Deep truths about Man’s inner nature cannot be written down in words to be taken at face value. They can only impart their meaning in words through symbols, allegories and metaphors; and this is where the strength of the book lies and why its value rises way above the rabble of materialists who seek to denounce religion without having a clue about the allegorical nature of the teachings. The historical authenticity of the characters in the New Testament is of minor concern. What is of major significance is that these characters – men and women – are really the personifications of forces and processes which take place in the body and psyche of each human being. Needless to point out then, that words like God, the Lord and the devil, frequently used by Beinsa Douno, must always be understood in their universal meaning and never be taken in an anthropomorphic sense.
The chapters follow a general pattern: a pithy quote from the Bible (with an expanded version in footnotes), followed by a brief account of its essential meaning, which is then fully amplified by way of stories to illuminate the meaning further, then an exposition on the practical import for the everyday life of the ordinary man. I chuckled no end about the story (p. 109) of the two inquisitive frogs who fell into a pail of milk and swam round in circles. One frog got fed up (don’t we all when faced with a boring task), lay down at the bottom to rest and then died; but his companion continued swimming until the constant churning of the milk turned it into butter, which then provided a firm foundation for him to hop out of the pail. The moral: ‘Constancy in Life’, the message of Ecclesiastes 6:12, Who knoweth what is good for a man in his life? But I can just imagine all the arguments of the literalists (in their droves) taking the story at face value: surely the milk couldn’t suddenly just turn to butter; wouldn’t his legs get stuck when the milk started congealing, how does a frog know that churning milk would turn it into butter, how high can a frog jump, etc.? Apropos, it is comforting to know that when we are winging or suffering, it means that there is something in our souls that God must chip off, and when we sin, ‘a sinner is a stone out of which the divine chisel will form a graceful statue’ (p. 111).
One of the most revealing chapters (for me) is ‘The Grain of Wheat, the Emblem of the Human Soul’ based on John 12:24 (pp. 137-149). It is an eloquent exposition of how a grain of wheat metaphorically depicts the history of nature’s development and the human soul passing through the cyclical stages of death, sprouting, growth, and seeds.

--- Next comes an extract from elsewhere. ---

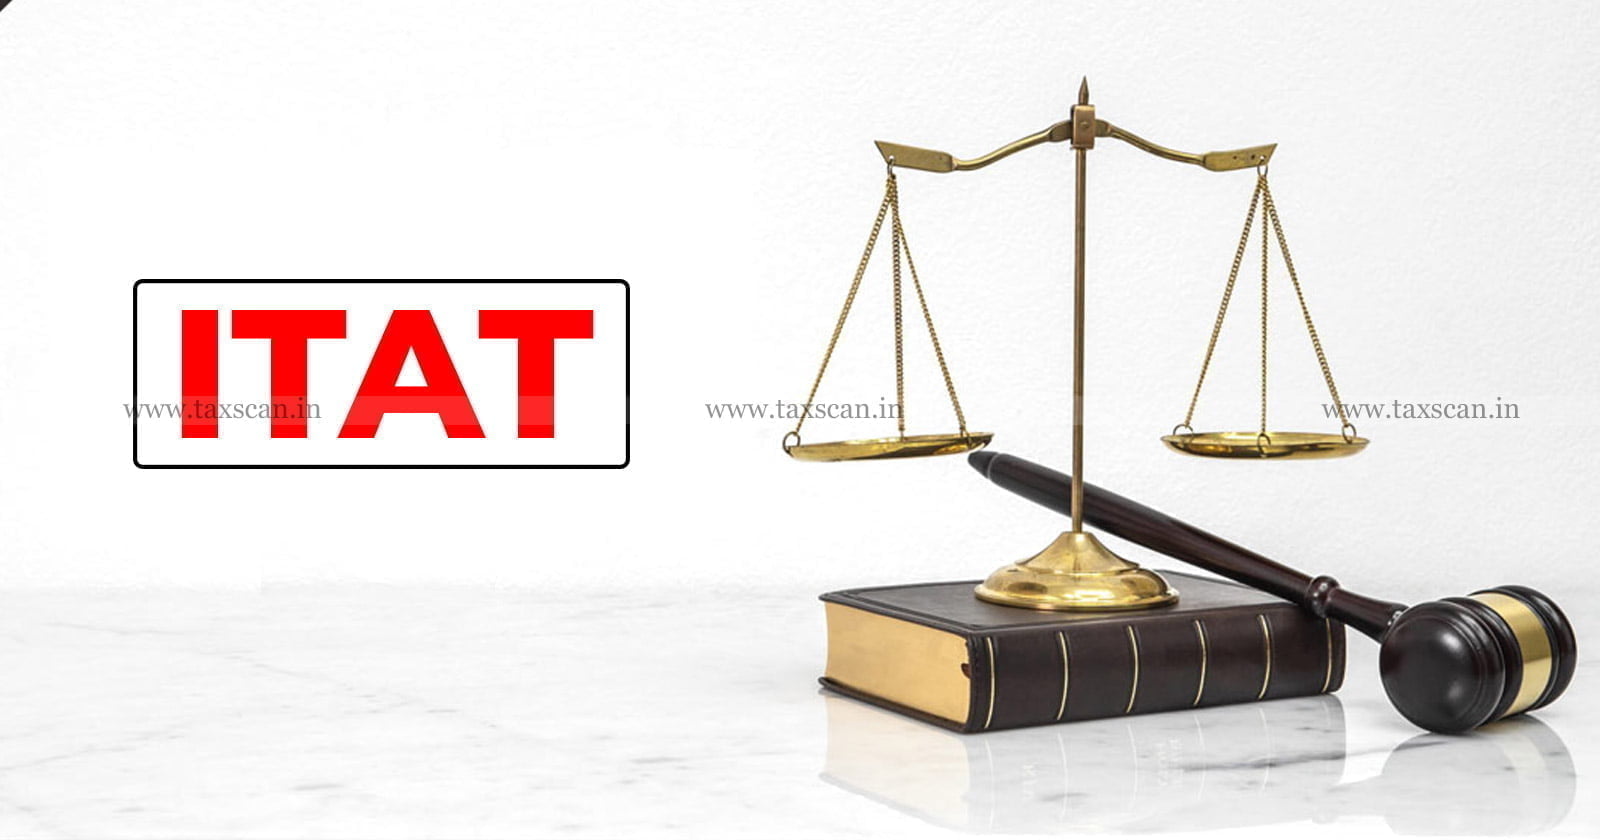 ITAT - AO - Government Valuer's Fair Market Valuation Report - Piramal Enterprises - taxscan
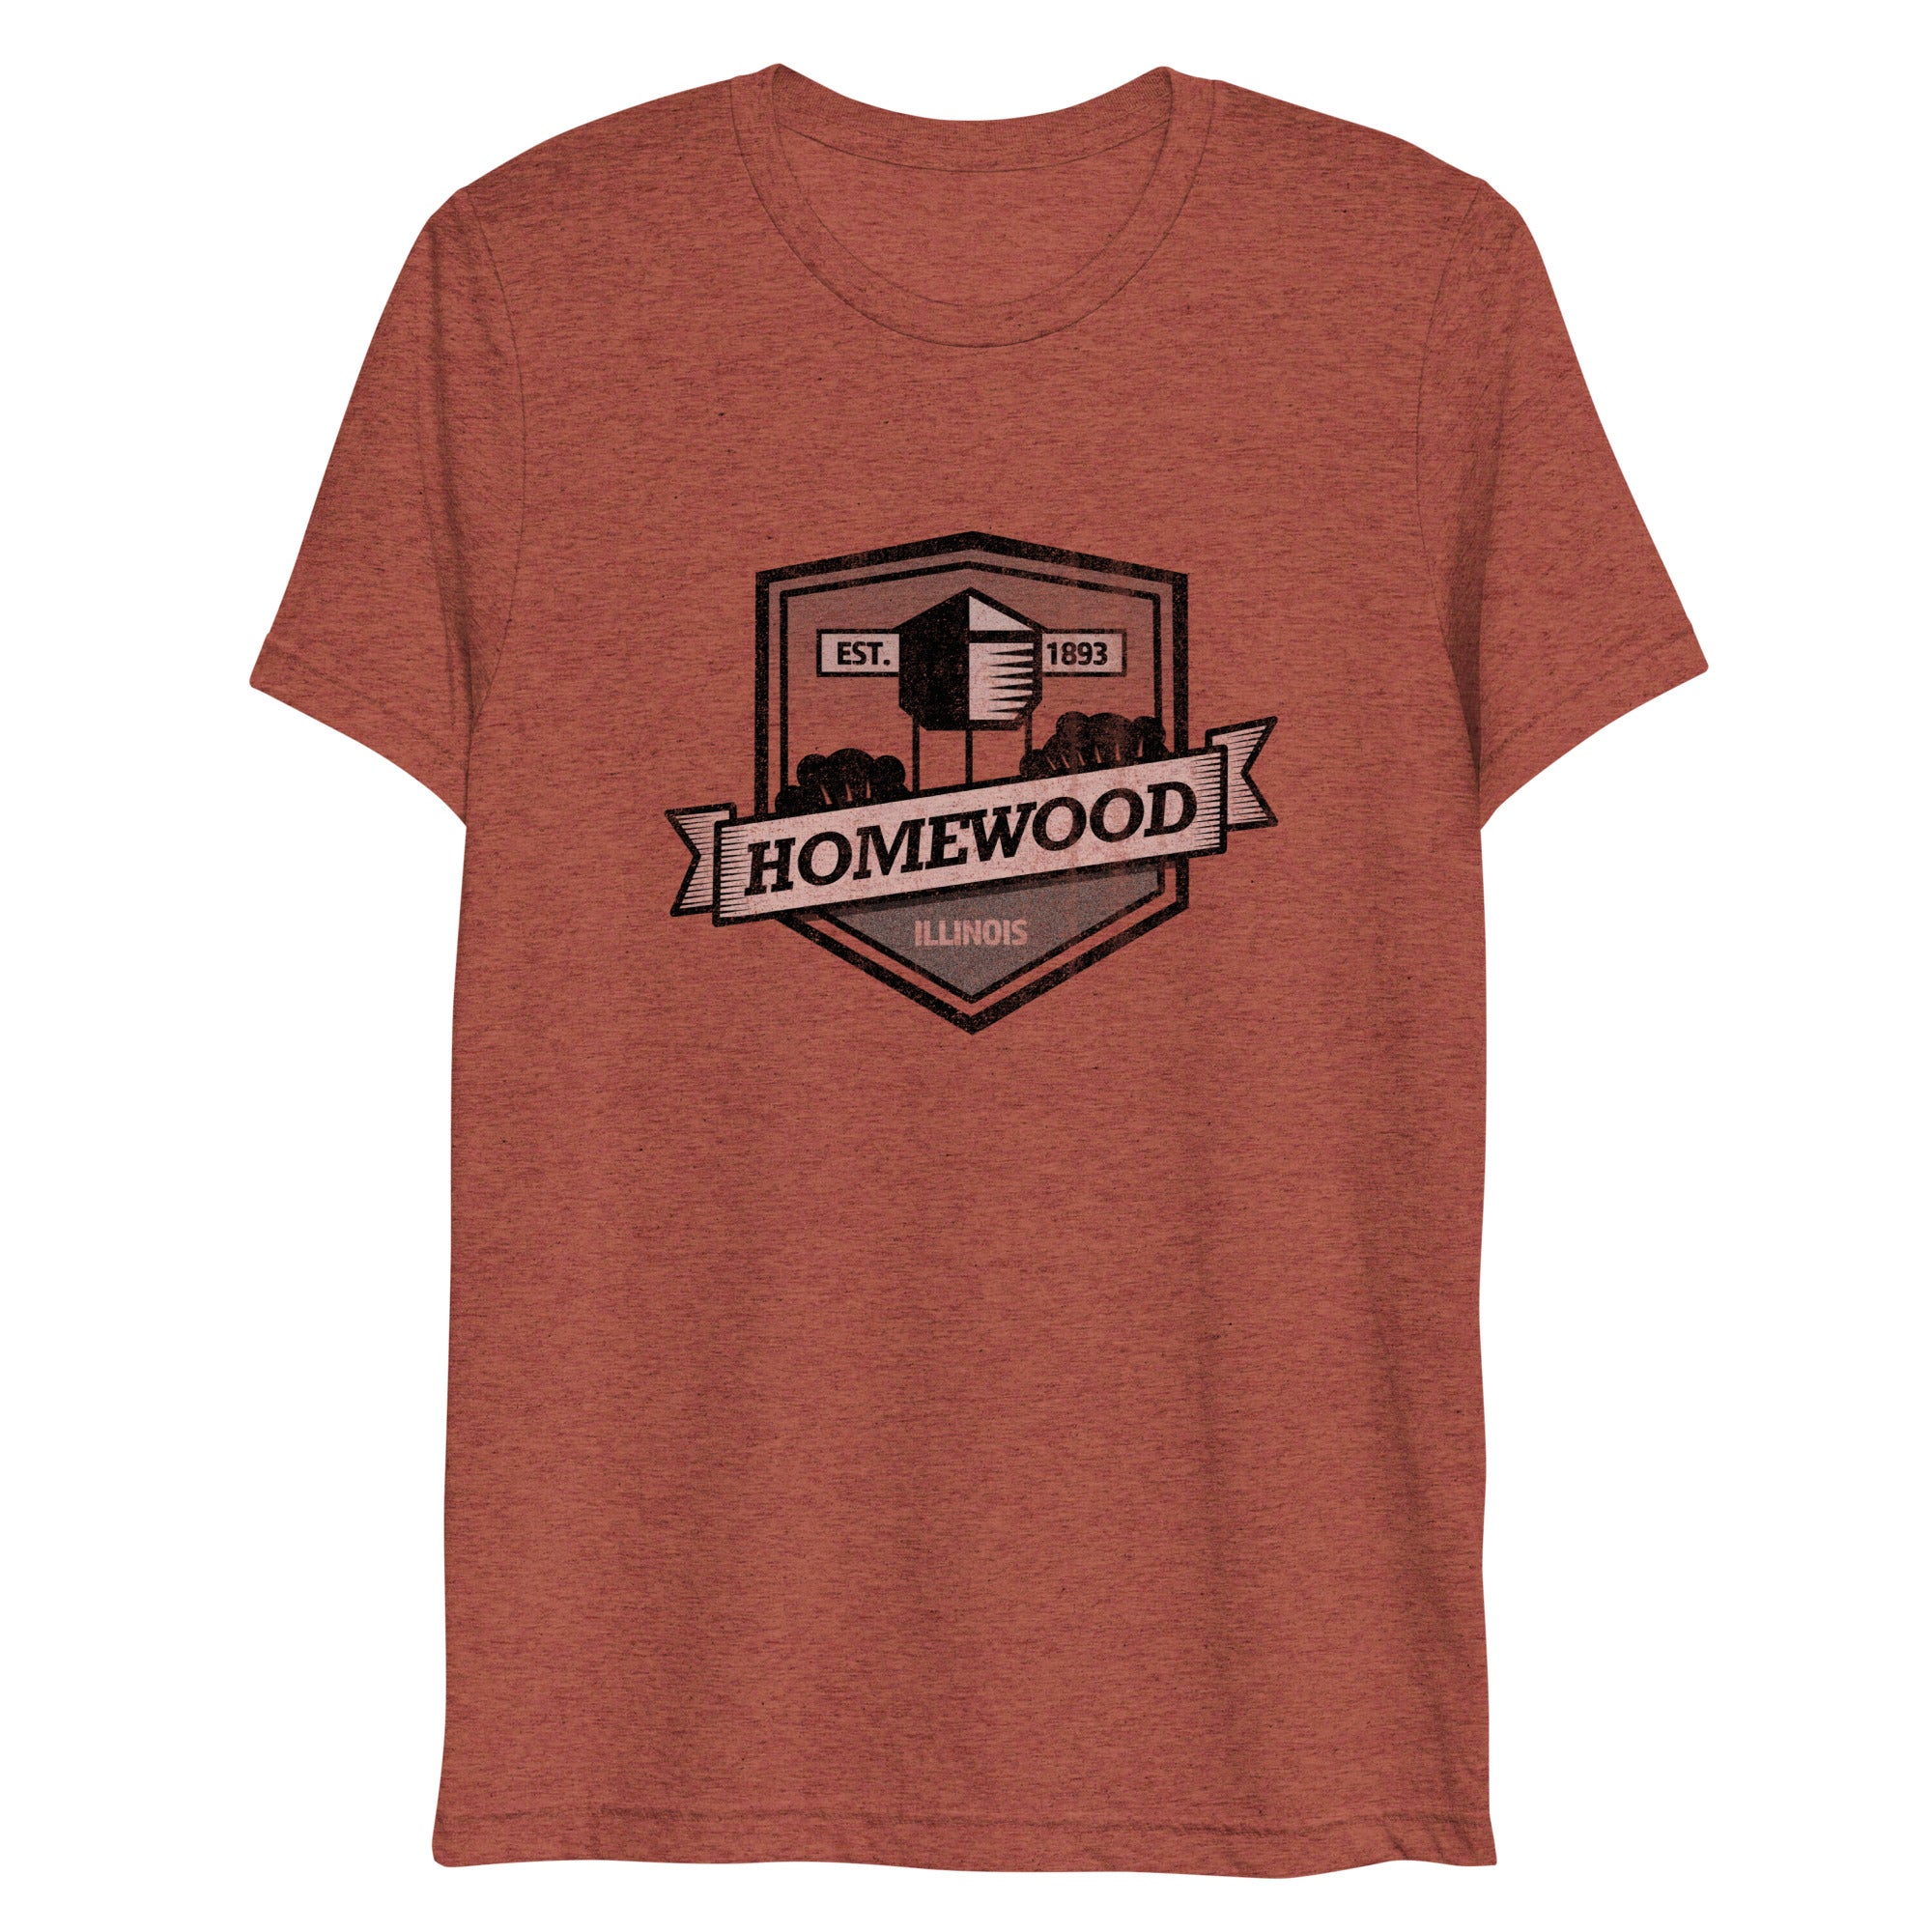 Homewood Pride 6 Short sleeve t-shirt

Then there are carefully worded comments on topics such as the future of our planet, the beginning of a new epoch, divine providence and the White Brotherhood (Douno's School of Esoteric Christianity is called 'School of the Universal White Brotherhood'). I was fascinated by a section on ‘The Testament of the Colour Rays of Light’ correlating the spectrum of light with that of spiritual qualities and also the days of the week. This is in line with the occult teachings on the mystical nature of colour from Douno’s contemporaries like Blavatsky, Bailey and Steiner.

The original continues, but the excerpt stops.